> **Work instructions**
Please output, exactly and without pictures, the lines from the opening of the listing below through the line containing "Pojemnik na odpady, z", both included.

> **Data**
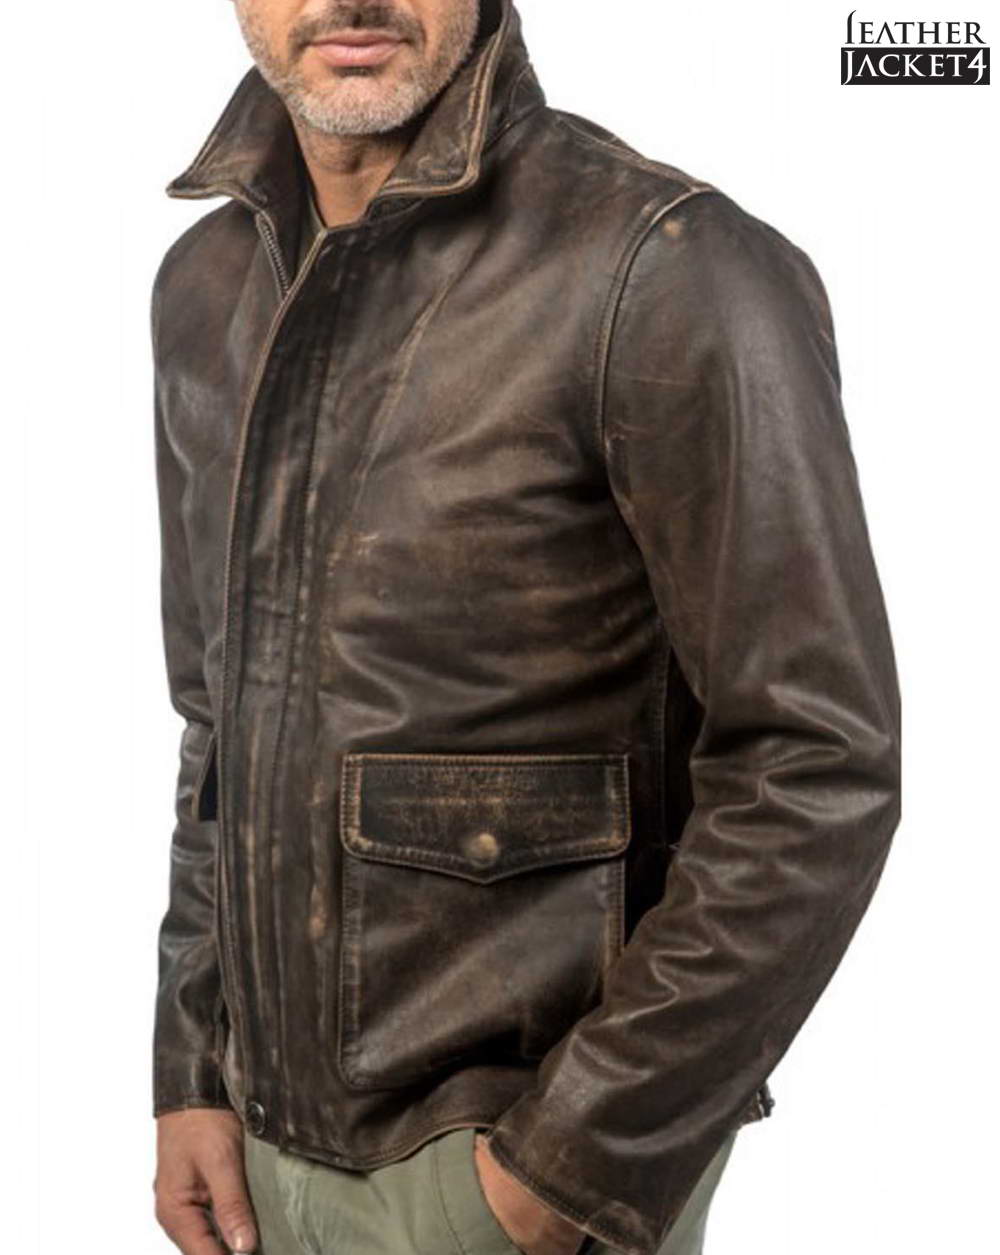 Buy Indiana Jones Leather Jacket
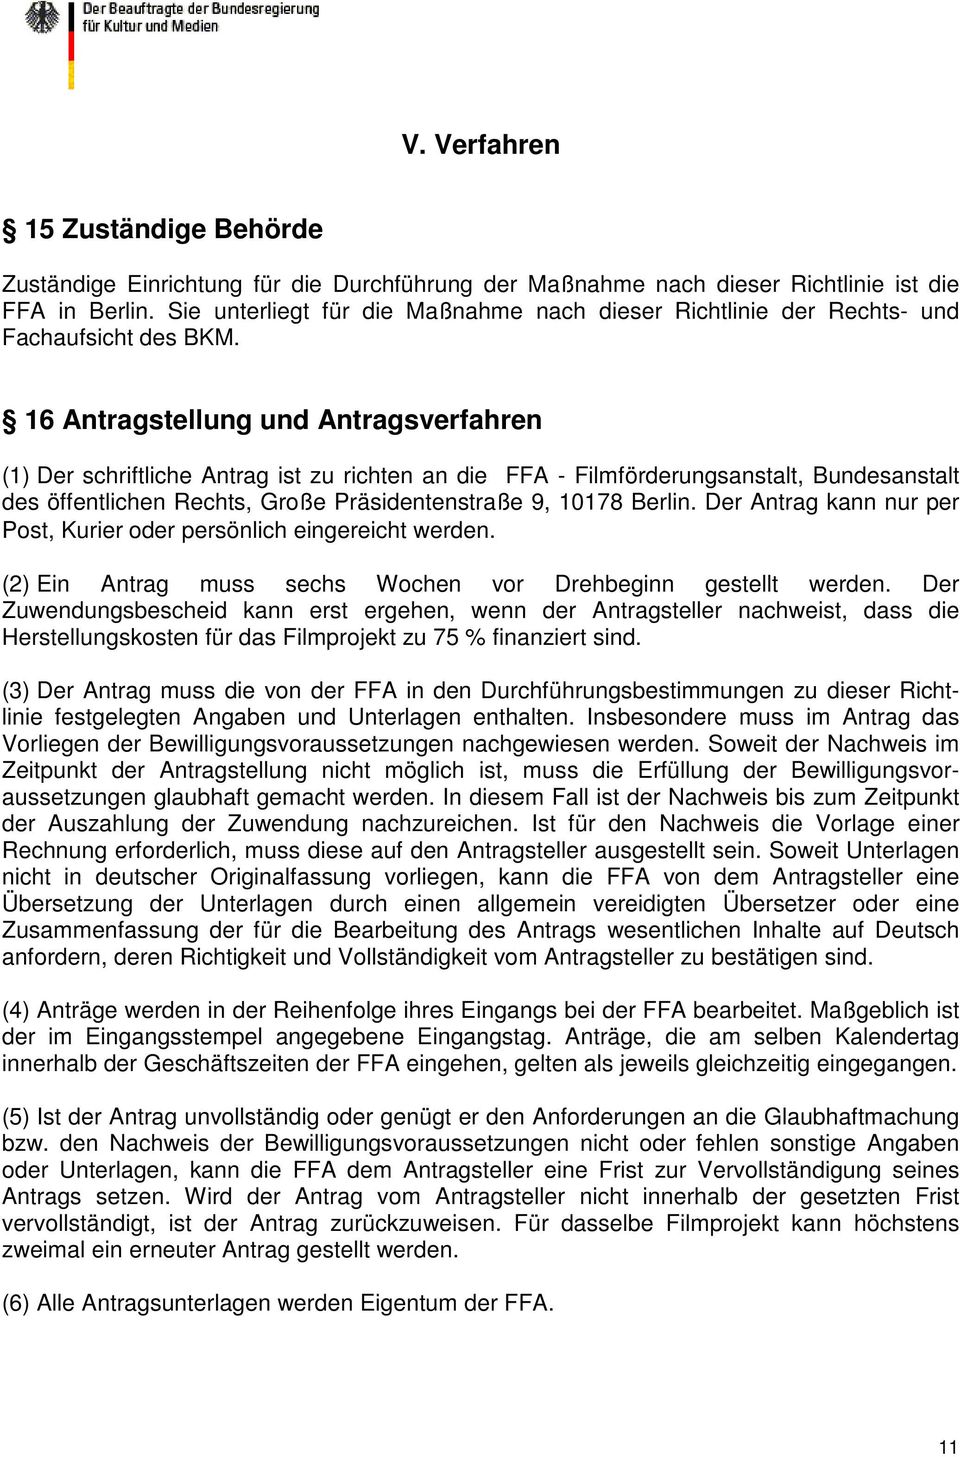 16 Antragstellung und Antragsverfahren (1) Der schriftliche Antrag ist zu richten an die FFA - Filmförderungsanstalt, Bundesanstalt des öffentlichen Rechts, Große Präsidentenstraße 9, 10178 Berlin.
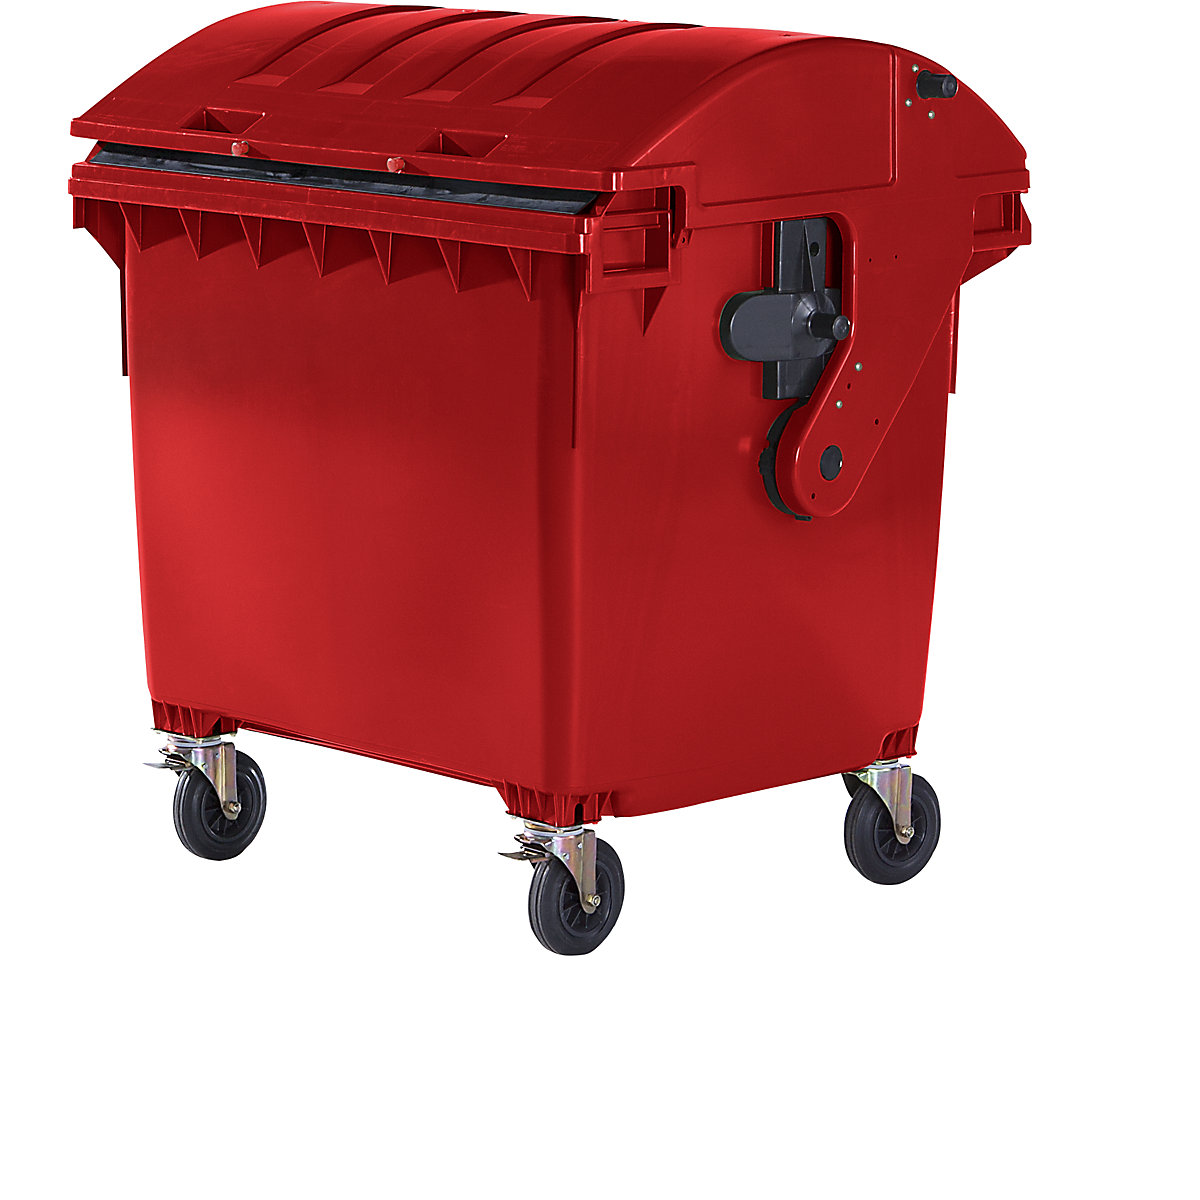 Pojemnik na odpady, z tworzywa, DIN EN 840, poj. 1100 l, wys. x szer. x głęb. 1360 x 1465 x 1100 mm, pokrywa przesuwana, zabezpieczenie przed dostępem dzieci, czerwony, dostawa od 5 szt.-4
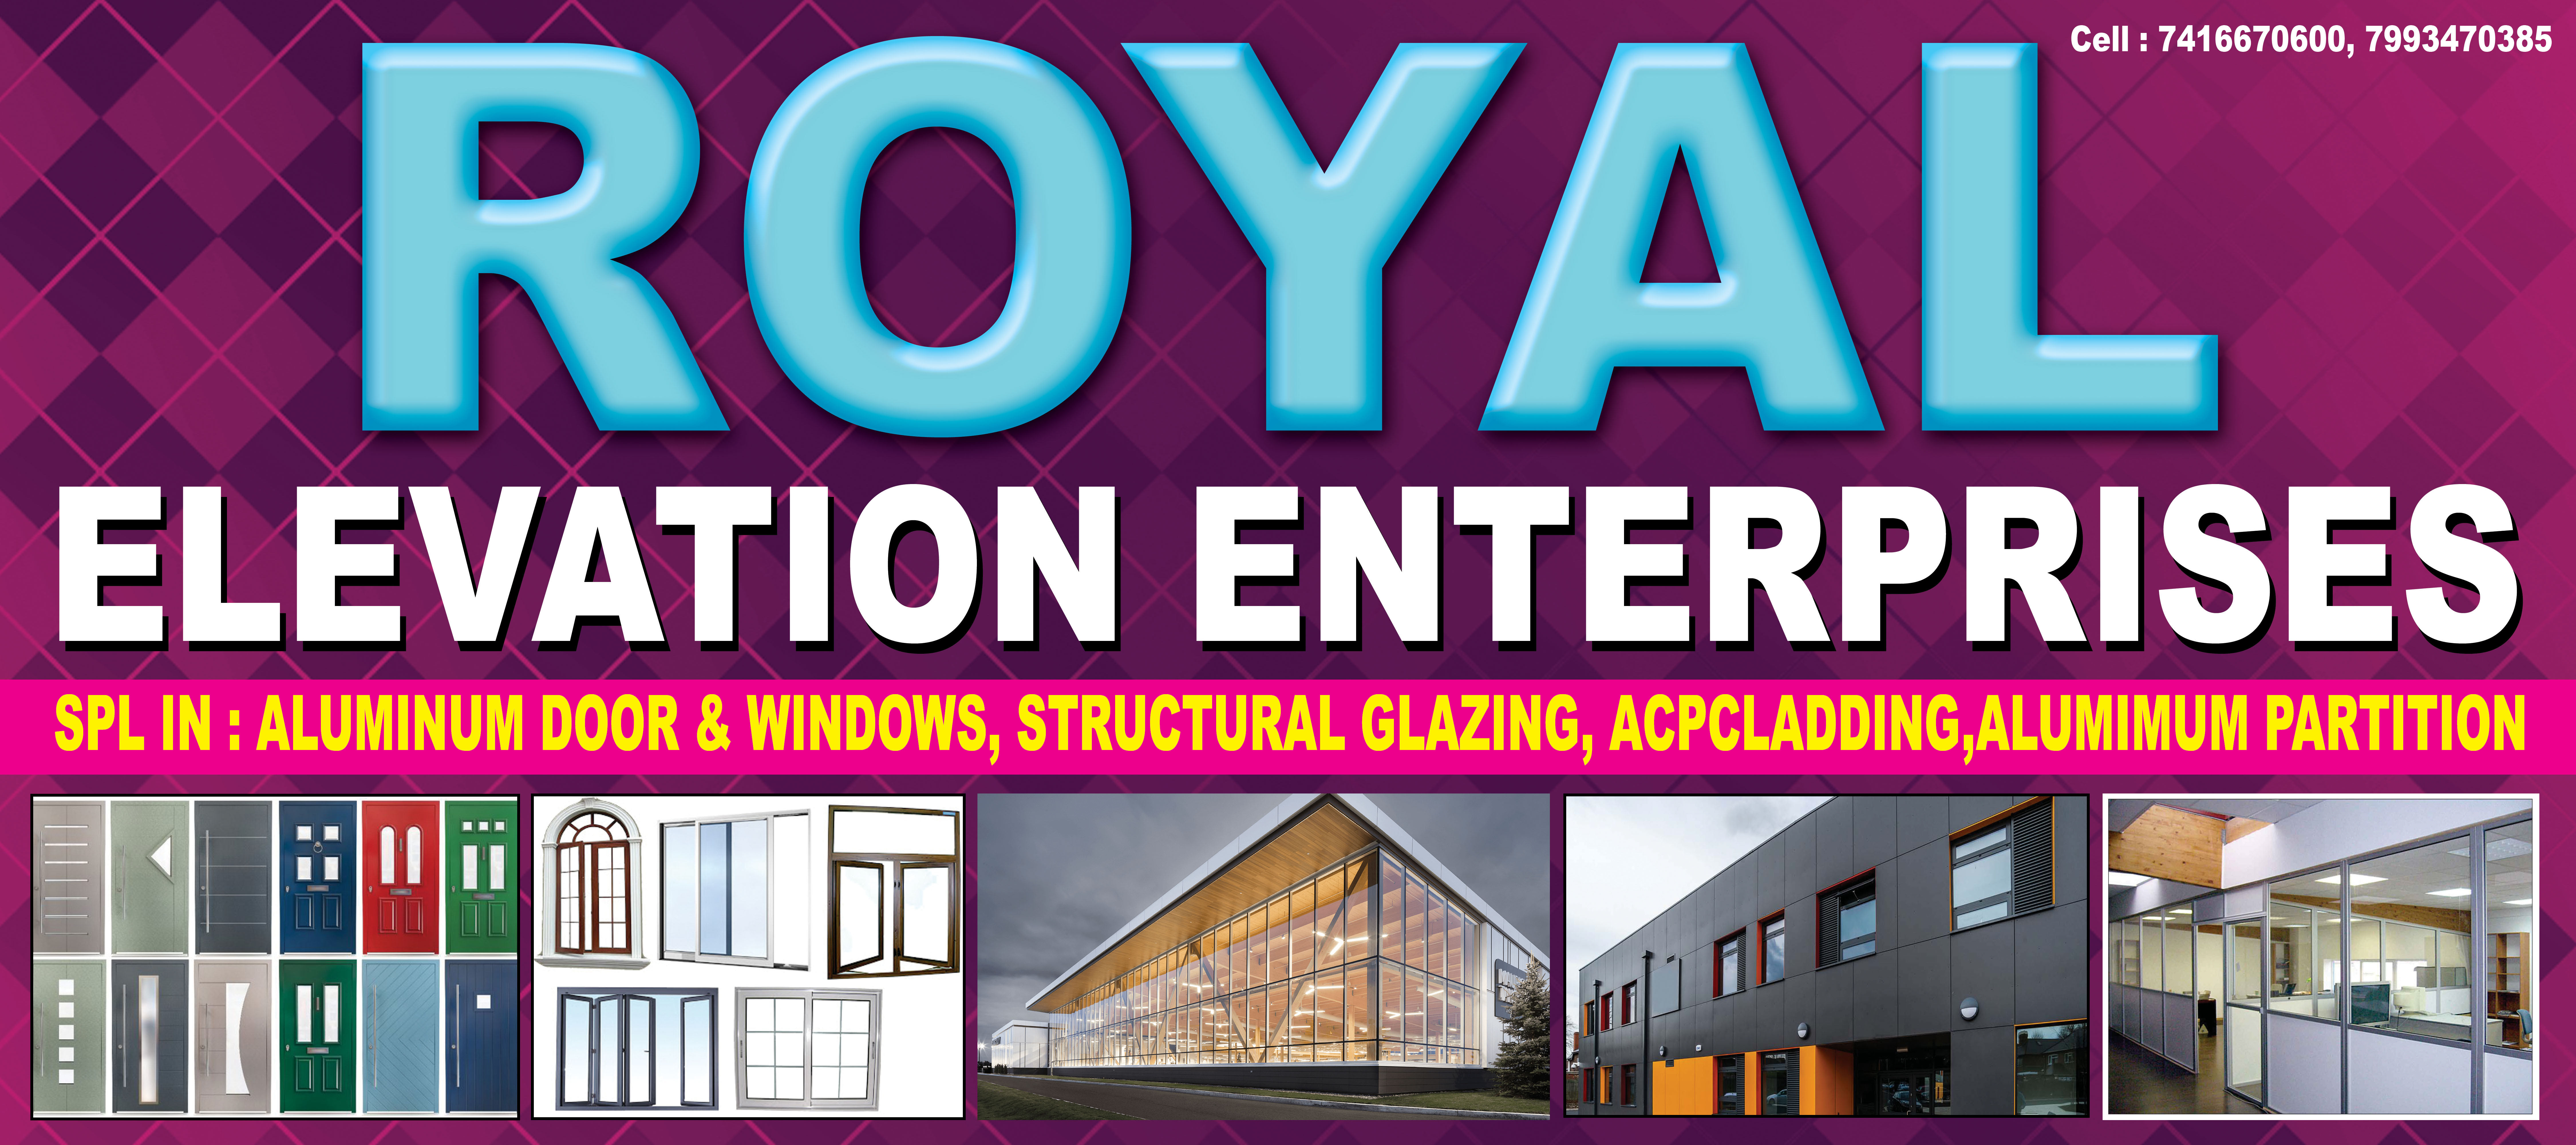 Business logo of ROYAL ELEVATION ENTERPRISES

> **Expected answer**
 Buy Indiana Jones Leather Jacket
 16 Antragstellung und Antragsverfahren (1) Der schriftliche Antrag ist zu richten an die FFA - Filmförderungsanstalt, Bundesanstalt des öffentlichen Rechts, Große Präsidentenstraße 9, 10178 Berlin.
 Pojemnik na odpady, z tworzywa, DIN EN 840, poj. 1100 l, wys. x szer. x głęb. 1360 x 1465 x 1100 mm, pokrywa przesuwana, zabezpieczenie przed dostępem dzieci, czerwony, dostawa od 5 szt.-4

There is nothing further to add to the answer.